Please indicate the extent to which you agree or disagree with this statement: 'Permeable pavements technology has the potential to revolutionise green building practices'.

- Strongly disagree.
- Disagree.
- Neither agree or disagree.
- Agree.
- Strongly agree.

The data will be ordinal with five levels. Treat the levels in the given order (or the reverse order) makes sense; it would not make sense, for example, to give the levels in alphabetical order.

**Example 11.9 (Clarity in definitions) **Consider the variable 'Age'.
Age is *continuous quantitative*,
since we age continuously
(on our birthday, we don't suddenly get one year greyer with one extra year's worth of wrinkles...).

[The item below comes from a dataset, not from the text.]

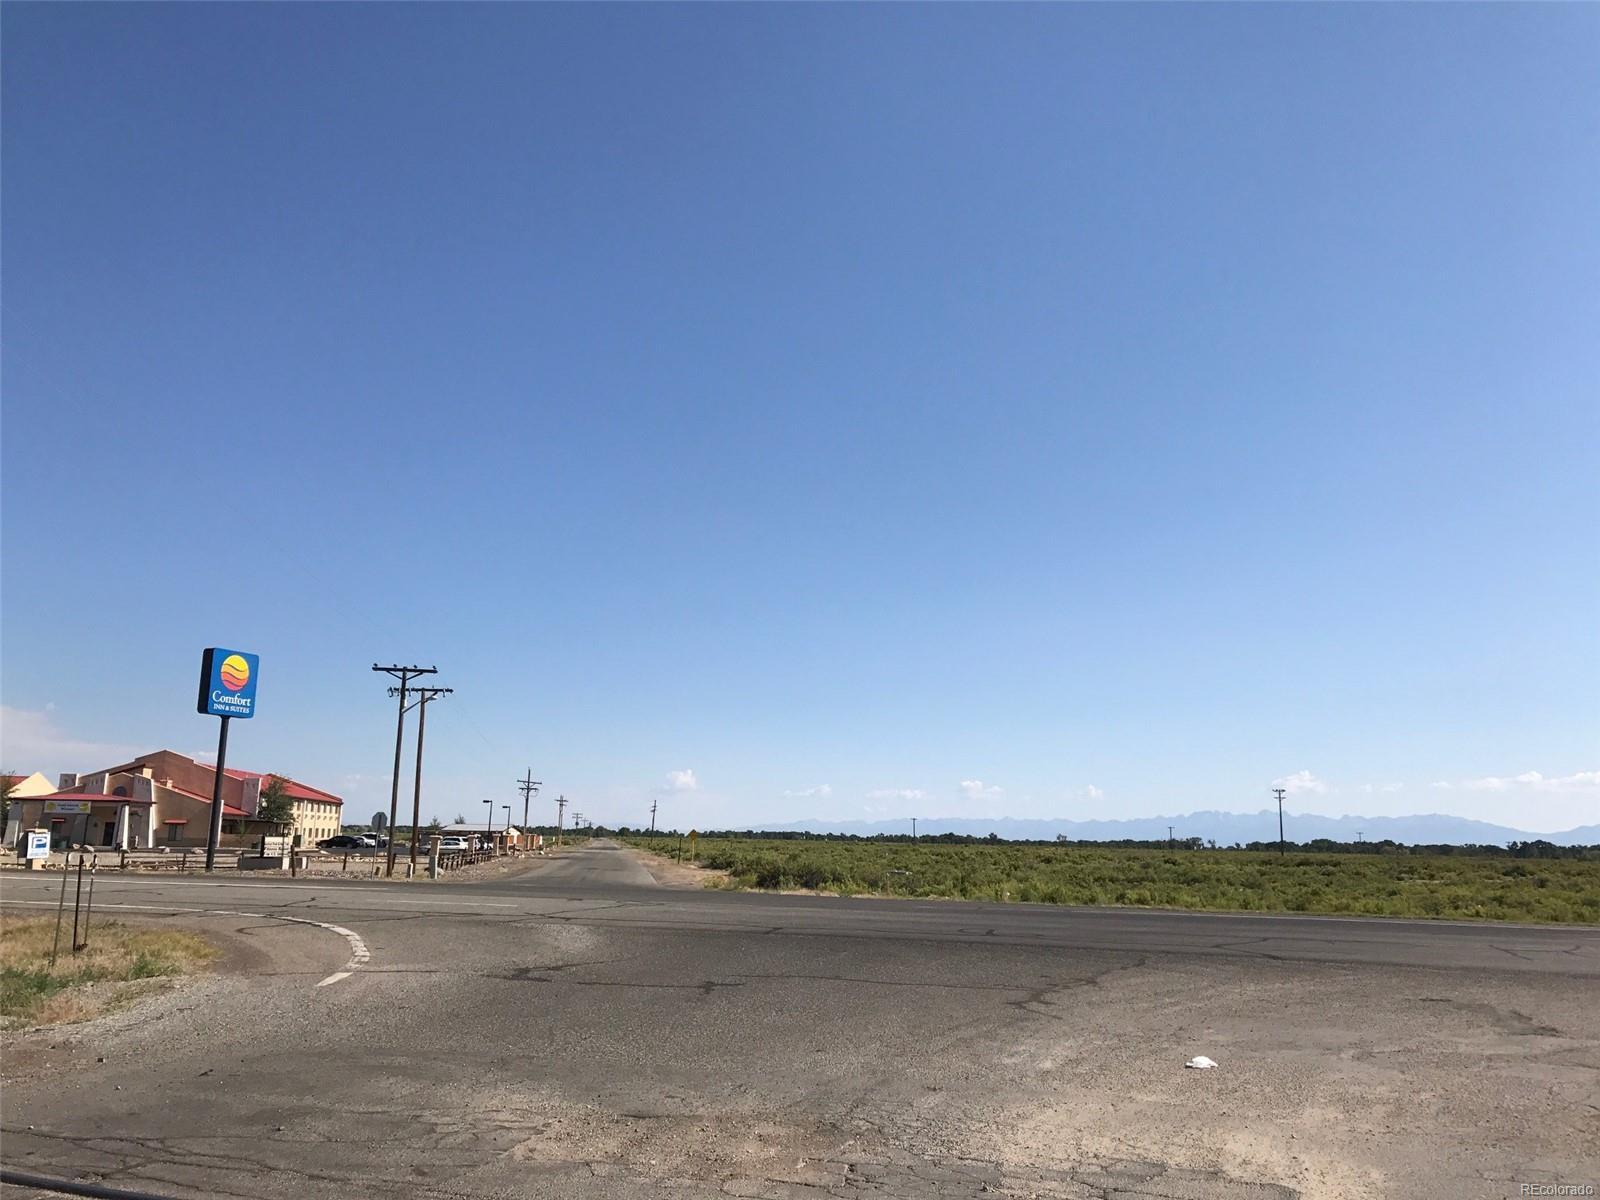 0000 So. Cty Rd 107, Alamosa, CO 81101 - Alamosa, CO real estate listing

Age is usually rounded to the number of completed years, for convenience. However, the age of young children may be given as '3 days' or '10 months', instead of the nearest year.

Sometimes *Age group* is used instead
(such as
Under 20; 20 to under 30; 30 to under 50; 50 or over).
'Age group' is *qualitative ordinal*.

Ensure your RQ is clear about which is used!

**Example 11.10 (Types of variables) **Consider a study to determine if the weight of 500g bags of pasta
really is at least 500g.
One approach is to record the weight of pasta in each bag
(a *quantitative* variable),
and compare the *average* weight
to the target weight of 500g.

Another approach is to record whether or not each bag of pasta
weighed at least 500g (bags are not underweight).
This would be a *qualitative* variable, with two *levels*
(underweight; not underweight).
We could then report the *percentage* of bags that are underweight.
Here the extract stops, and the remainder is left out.